Ahmed Muhi's phrasing captures it well:

Suppose you have the topology: SW1 <-> hub <-> SW2.

So, the switches are connected to each other via a hub. Both switches have end devices in different VLANs, and the hub has end devices plugged in as well.

The link between the switches and the hub can’t be an access link. If it were, only devices in the same VLAN as those two links could communicate. For example, if the access VLAN between the hub and switches is VLAN 10, only devices in VLAN 10 would communicate, while others in different VLANs wouldn’t.

So the links must be trunks. Hubs aren't VLAN-aware, which means they can't remove dot1q tags. Most end devices aren't. As a result, the devices that are plugged into the hub are in the native VLAN.

This explanation makes sense, but hubs are hardly used anymore. Is the native VLAN still relevant in modern networks? What is its purpose now?

Some forum posts say that DTP, STP, LLDP, CDP, VTP, PAGP, LACP, LLDP, UDLD etc(???) traffic uses the native VLAN. This is contradicted by other posts which say that VLAN 1 is used for this purpose -- even if you change the native VLAN from VLAN 1 to some other VLAN. What everyone agrees on is these protocols still work, even if the native VLAN or VLAN 1 (depending on which is thought to carry the protocols) isn’t in the allowed list on trunks.

To make things even more confusing: some recommend that for security purposes, you change the native VLAN to a random VLAN, which has no interfaces in it. So not only does the native VLAN not serve a purpose, it's even a security risk, at least according to some!

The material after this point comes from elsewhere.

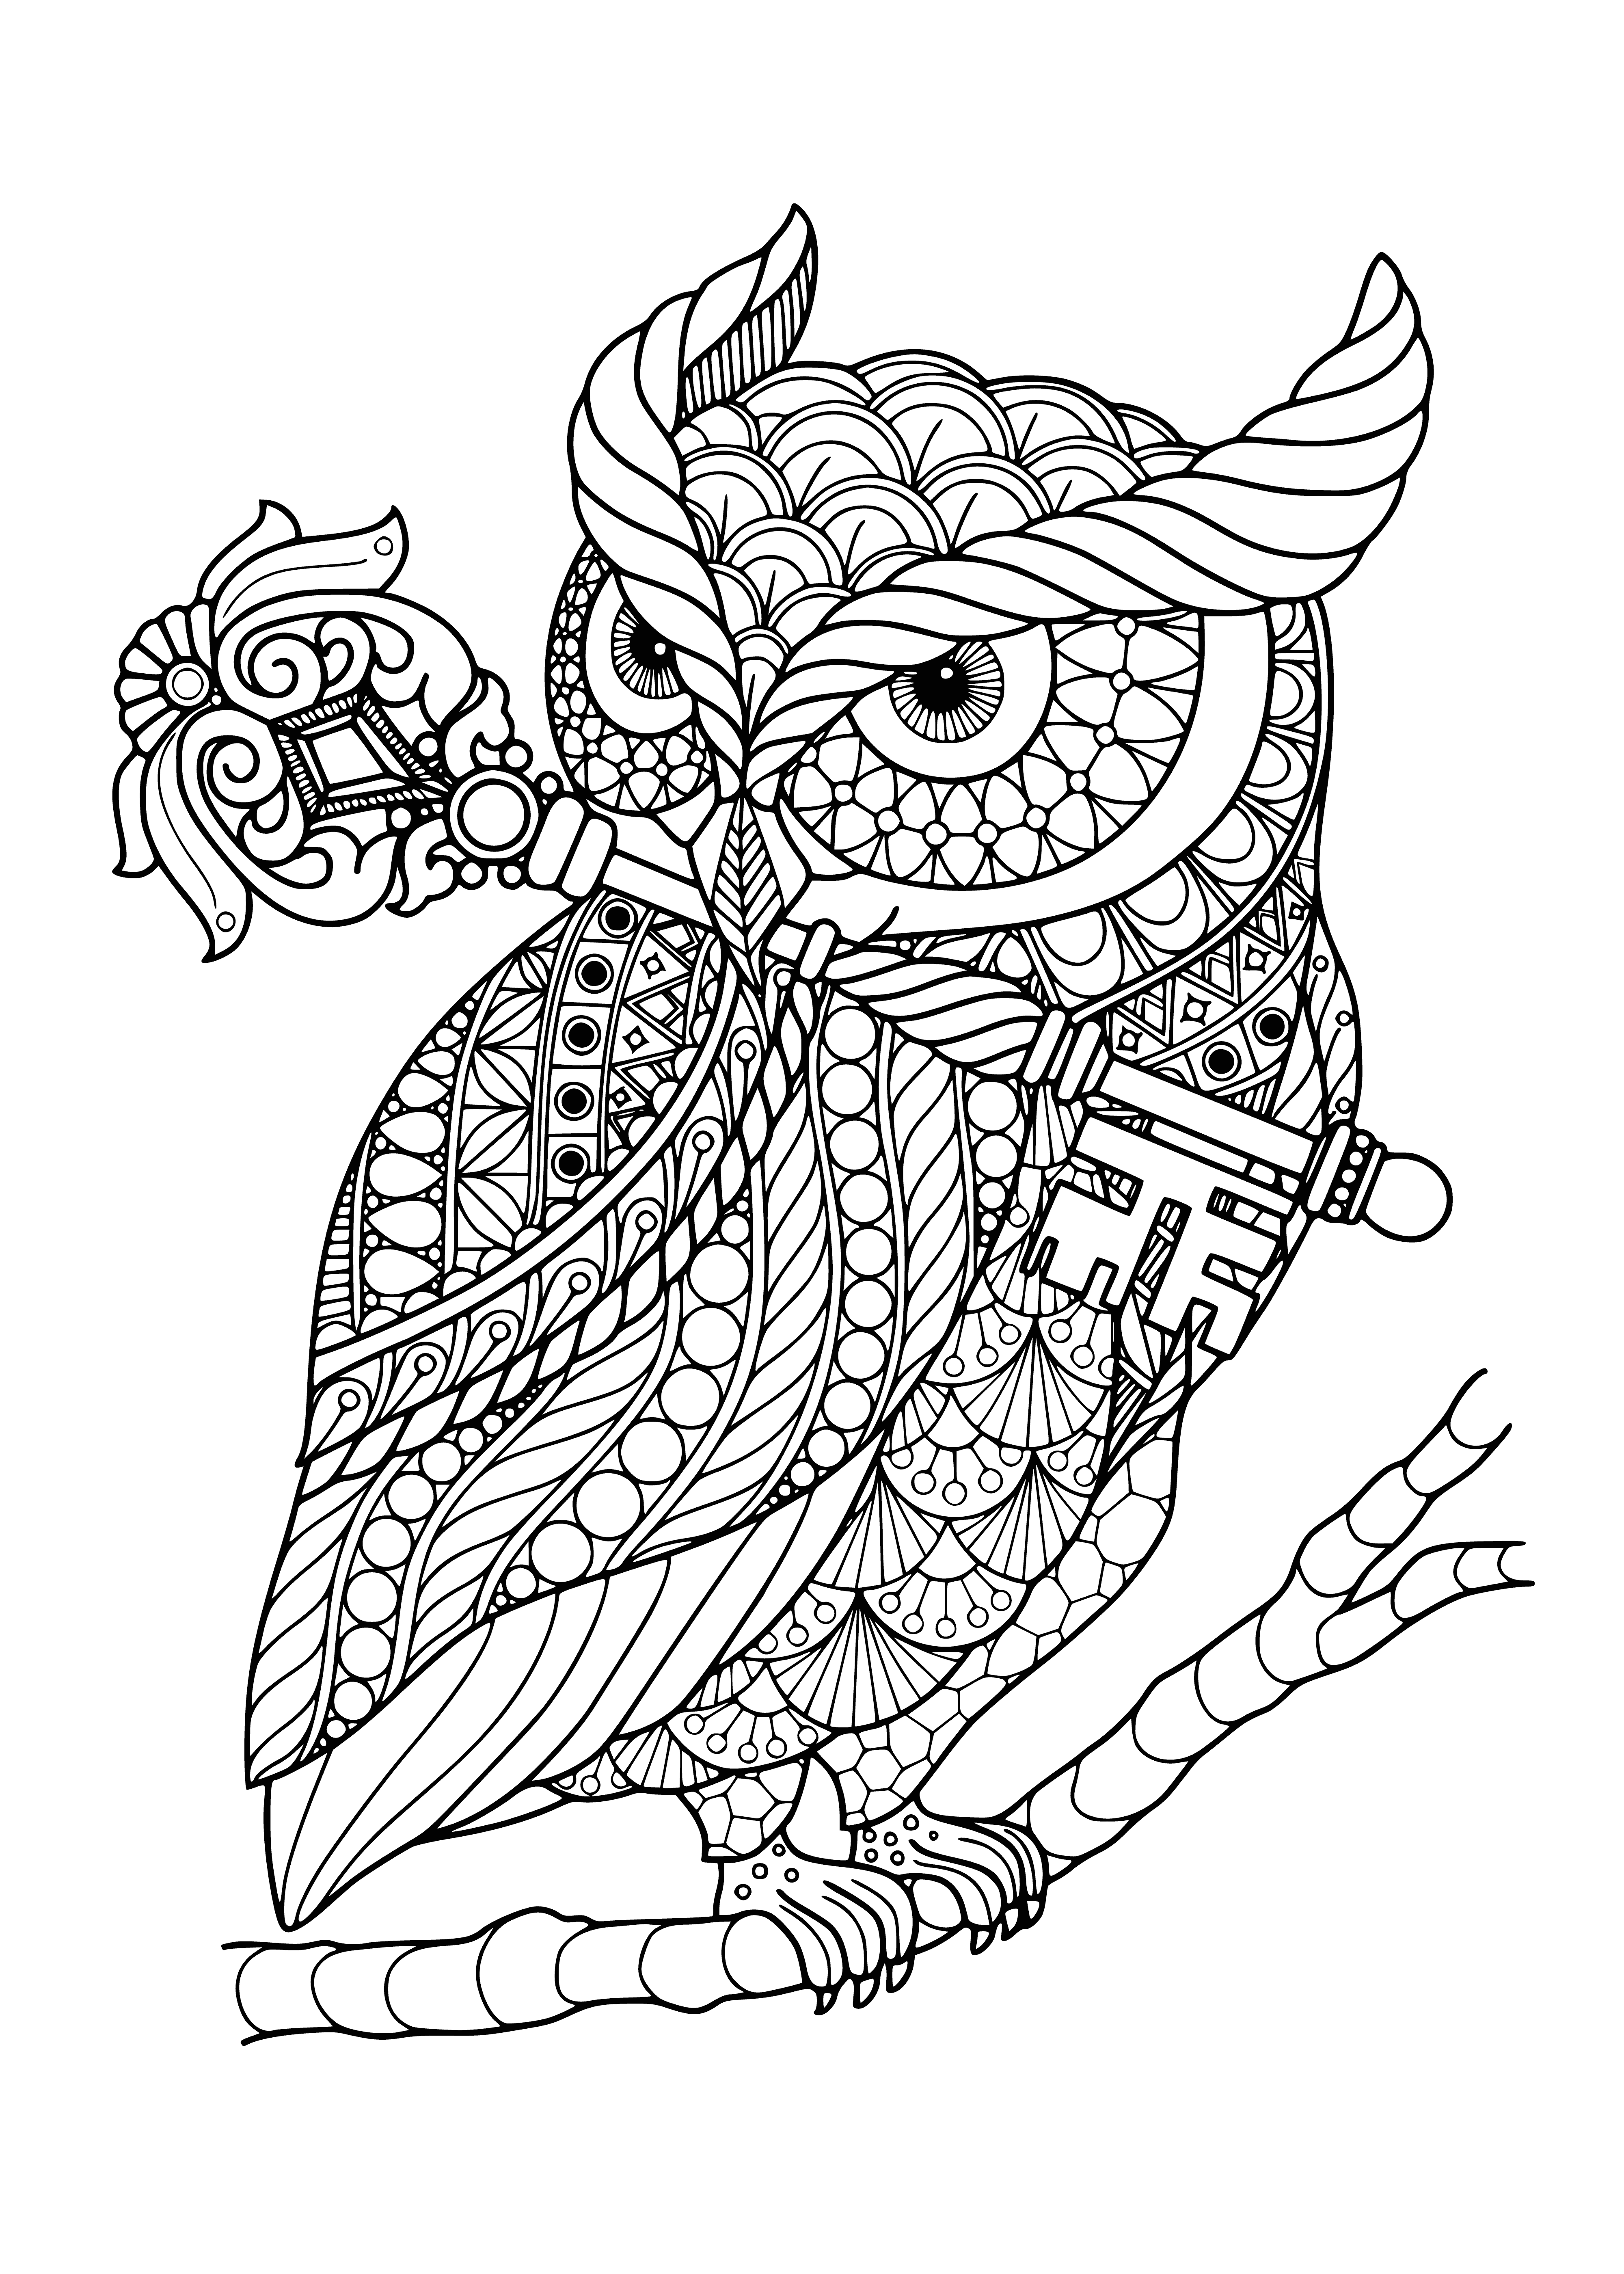 coloring page: Coloring page of wise owl perched atop books, holding a key, providing a calm space for coloring. #coloring #inspiration #creativity

Also, I’ve seen another explanation stating that you could have a trunk link connected to a server that is not VLAN-aware. But why wouldn’t you just bundle multiple access ports in a LAG instead of using a trunk?

Would love to hear your thoughts on this, especially in relation to current networking practices!

Hamed Fazel · ‎09-24-2024

Hi @a1111

In Ethernet networking, there is no specific field within the Ethernet frame that explicitly defines the "native VLAN." The concept of a native VLAN is important when dealing with trunk ports, which are used to carry traffic from multiple VLANs across a single link. Any untagged packet that traverses a trunk port is assumed by the switch to belong to the native VLAN.

Here’s how it works:

Native VLAN: On a trunk port, traffic from multiple VLANs is carried, but any traffic that arrives untagged (i.e., without an 802.1Q VLAN tag) is assumed to belong to the native VLAN. This allows legacy devices that don’t support VLAN tagging to communicate on a network.
Ethernet Frame: In a standard Ethernet frame, there is no field that identifies which VLAN it belongs to unless it's explicitly tagged (using 802.1Q tagging). When a frame is untagged, the switch assigns it to the native VLAN of the trunk port.
Native VLAN Mismatch Detection: Although the Ethernet frame itself doesn’t carry any native VLAN information, switches use certain control protocols, such as CDP (Cisco Discovery Protocol) or BPDU (Bridge Protocol Data Unit, used in Spanning Tree Protocol), to exchange information about the native VLAN configuration. These protocols include the native VLAN ID in their packets. If there’s a mismatch between the native VLAN settings on two connected devices, the switch can detect this through these control packets and flag a "native VLAN mismatch" error.
Why It Matters: Native VLAN mismatches can lead to issues such as traffic being misrouted or dropped, and they may even expose the network to security risks, as untagged traffic might end up on the wrong VLAN.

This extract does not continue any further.